In the meantime, you can go on YouTube and watch many more snippets of QI in order to find much more interesting and entertaining trivia than you'll ever get from conversing with me or reading my column.
Or you can get a copy of a book called QI: The Book of General Ignorance, or its later edition, which proclaims itself to be "Noticeably Stouter." There are, here and there, amusing quotations from the show QI -- but mostly the book consists of interesting trivia.
I wish I could tell you that you could buy DVDs of the game show. In fact you can -- except that they won't play on US or Canadian DVD players. Thus Brits and Australians can watch the DVDs (regions 2 and 4) but we of region 1 cannot. There are petitions ...
Still, at qi.com/shop/ there are plenty of books tied to the show. I think they probably make money with these books because people who enjoy QI are, like Jeopardy viewers, likely to spend some of their disposable time reading.
At qi.com/shop/ you will see that there are many titles, all listed under the slogan "laugh yourself clever." Since Brits use the word "clever" to mean what we mean when we say "smart," this is, of course, a lie.
If one could laugh oneself smart, watching The Daily Show wouldn't make you more ignorant -- which it has done to a sizable portion of America's young voters, training them to know only one side of every question and feel quite sure this makes them wiser than those who question the dogmas. Or simply know how to read.
Let's face it, most trivia is, in fact, trivial. For most of us, the working definition of "trivial" is "stuff I don't enjoy learning." For me, this includes any kind of statistics about sports. For others, it includes all of human history.
There are several ways to become good at trivia games and conversations.
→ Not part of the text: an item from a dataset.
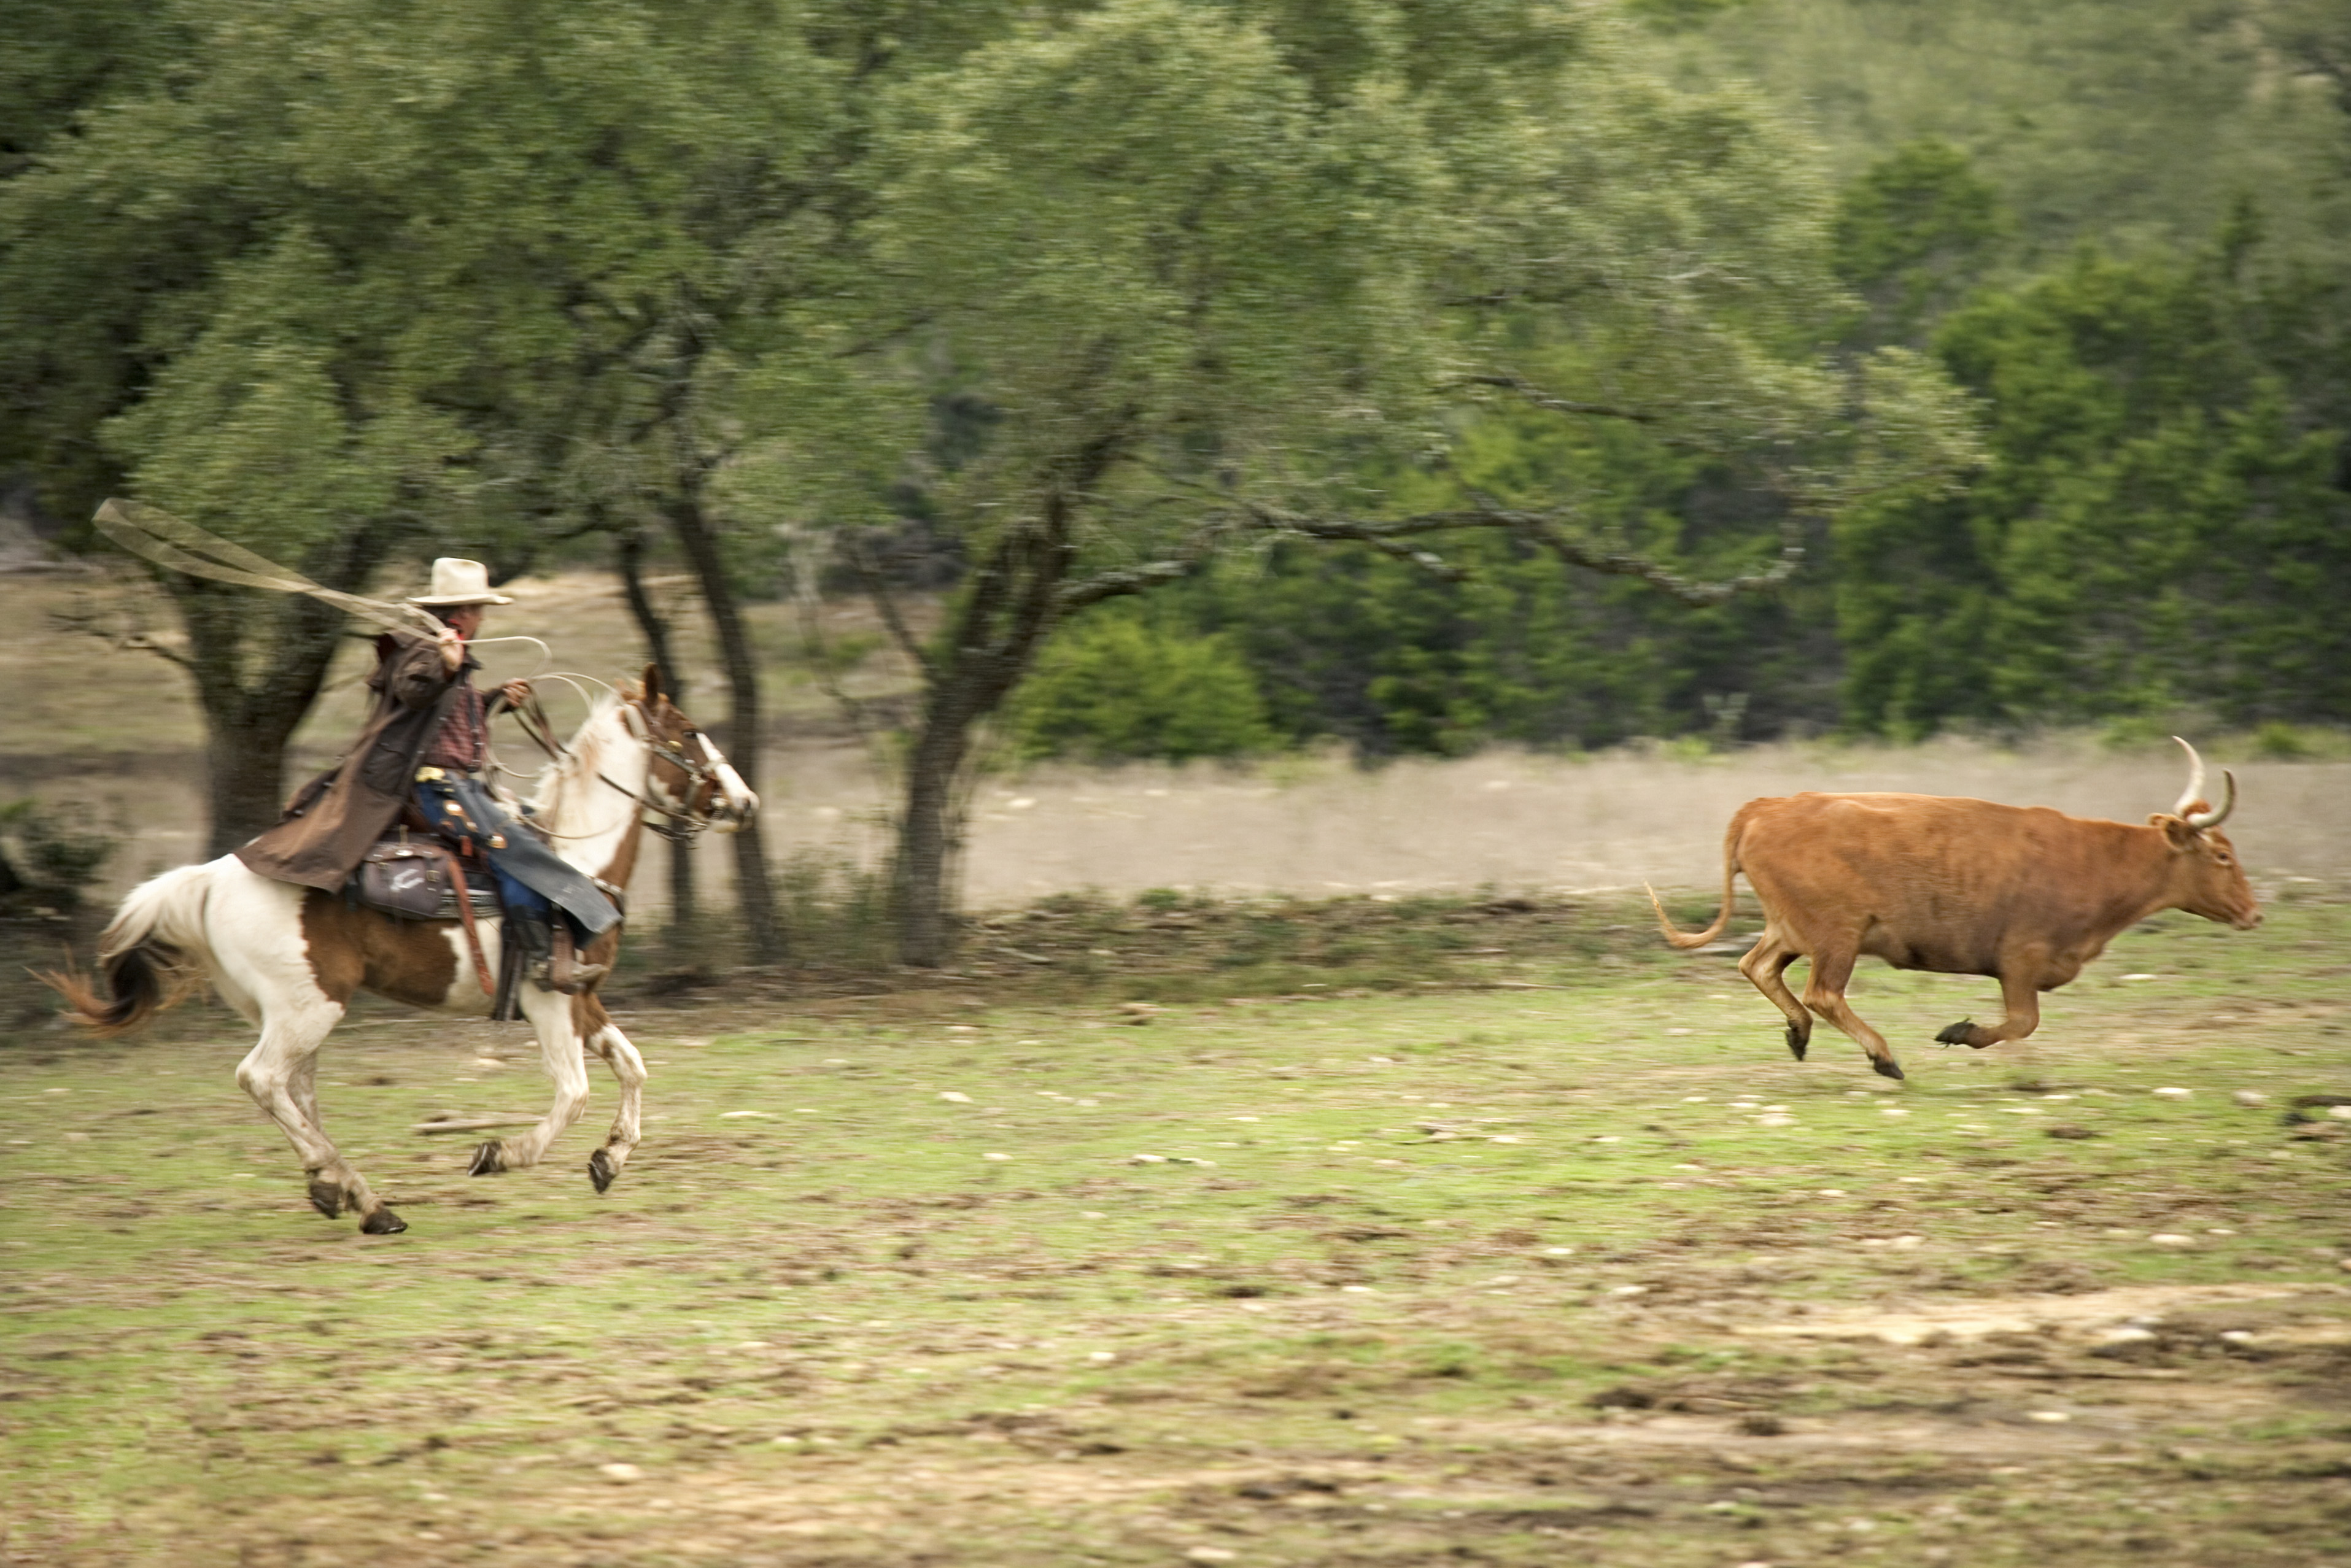 Man on horse chasing a bull on a grassy meadow.

One is by spending your life reading good books in every subject area. Another is by keeping up with People magazine.
Both will lead you to know interesting facts that other people didn't know; but People facts will make you a "good conversationalist," while facts acquired by reading history and science and philosophy will make you a "bore."
Unless you can get yourself on a British comedy trivia program. And even then, an American accent will make you sound bossy and dull, so it won't much matter what you say. No one will listen.